Na parábola do “Juiz Iníquo”, contada por Jesus, temos uma ilustração de tal pensamento e comportamento por parte do juiz que pouco se importava com a essência das questões a serem julgadas, antes, visava sempre ao seu interesse e comodidade. O centro do direito era a sua pessoa e as suas circunstâncias:
2Havia em certa cidade um juiz que não temia a Deus, nem respeitava homem algum. 3Havia também, naquela mesma cidade, uma viúva que vinha ter com ele, dizendo: Julga a minha causa contra o meu adversário. 4 Ele, por algum tempo, não a quis atender; mas, depois, disse consigo: Bem que eu não temo a Deus, nem respeito a homem algum. (Lc 18.2-4).
Ele finalmente julgou a causa da viúva, não por seu aspecto material, como se pensasse: “ela não pode ficar esperando indefinidamente por um parecer ou a causa dessa mulher desamparada parece-me justa, etc…” Ele julgou para não ser mais importunado. (Lc 18.5-6).
No entanto, quem assim age, seguindo o seu coração, sem o temor de Deus, colherá os frutos de seus atos: “O perverso não irá bem, nem prolongará os seus dias; será como a sombra, visto que não teme (yare’) diante de Deus” (Ec 8.13).
No próximo post analisaremos o temor do Senhor positivamente.
[1]Cf. Mt 28.4.
[2] “A única coisa que, segundo a autoridade de Paulo, realmente merece ser denominada de conhecimento é aquela que nos instrui na confiança e no temor de Deus, ou seja, na piedade” (João Calvino, As Pastorais, São Paulo: Paracletos,1998, (1Tm 6.20), p. 187). “Quem quer que deseje crescer na fé deve também ser diligente em progredir no temor do Senhor” (João Calvino, O Livro dos Salmos, São Paulo: Paracletos, 1999, v. 1, (Sl 25.14), p. 557).

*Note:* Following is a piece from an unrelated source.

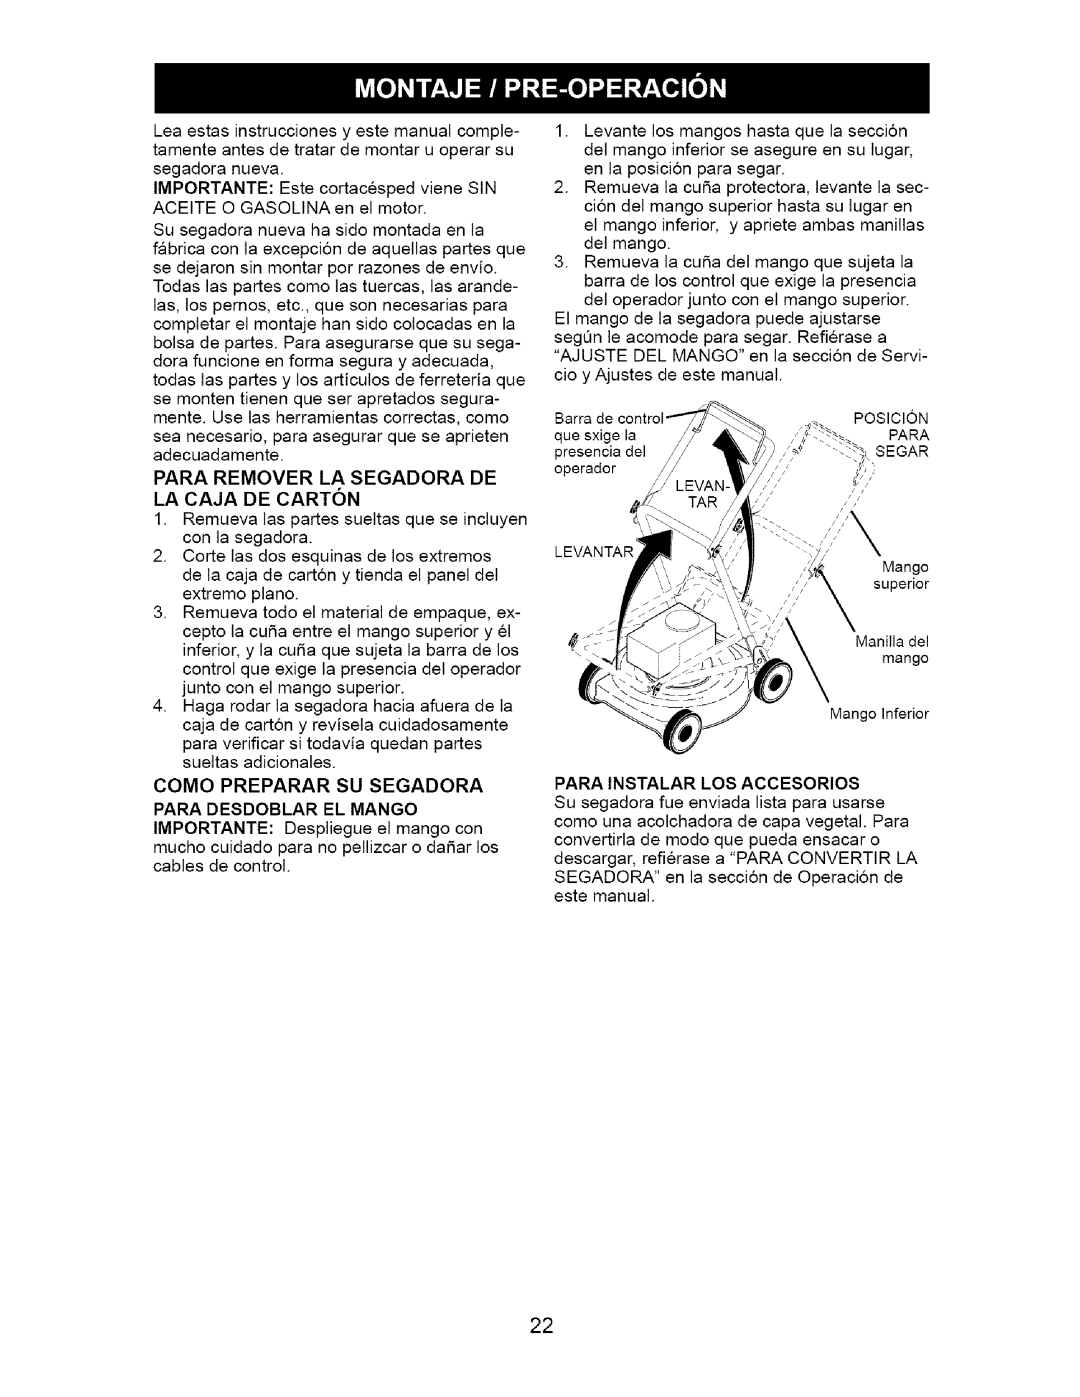 Craftsman 917.385140 owner manual Como Preparar Su Segadora Para Desdoblar El Mango, Para Instalar Los Accesorios

[3] W. Mundle, Medo: In: Colin Brown, ed. ger. Novo Dicionário Internacional de Teologia do Novo Testamento, São Paulo: Vida Nova, 1981-1983, v. 3, p. 147.
[4] “Não existe incompatibilidade entre amor e obediência; pois na vida verdadeiramente santificada existe a obediência em amor e o amor obediente” (Ernest Kevan, A Lei Moral, São Paulo: Editora Os Puritanos, 2000, p. 9).
[5] “Se um genuíno conhecimento de Deus habita os nossos corações, seguir-se-á inevitavelmente que seremos conduzidos a reverenciá-lo e a temê-lo. Não é possível ter genuíno conhecimento de Deus exceto pelo prisma de sua majestade. É desse fator que nasce o desejo de servi-lo, e daqui sucede que toda a vida é direcionada para ele como seu supremo alvo” (João Calvino, Exposição de Hebreus, São Paulo: Paracletos, 1997, (Hb 11.6), p. 306).
[6]Conforme já citamos, “O sentido predominante de pesha’ é o de rebelião contra a Lei e a Aliança de Deus, e, por conseguinte, o termo é um substantivo coletivo que denota a totalidade de iniquidades e um relacionamento fraturado”. (G. Herbert Livingston, Pesha’: In: R. Laird Harris, et. al., eds. Dicionário Internacional de Teologia do Antigo Testamento, São Paulo: Vida Nova, 1998, p. 1247).
[7](pahad) pode ser considerado um sinônimo poético de (yare’) (Cf. Andrew Bowling, Pahad: In: R. Laird Harris, et. al., eds. Dicionário Internacional de Teologia do Antigo Testamento, São Paulo: Vida Nova, 1998, p. 1209).
[8] Cf. B.B. Warfield, O Plano da Salvação, Brasília, DF.: Monergismo, 2019, p. 12-13.
[9] Veja-se: John M. Frame, A Doutrina de Deus, São Paulo: Cultura Cristã, 2013, p. 94-103.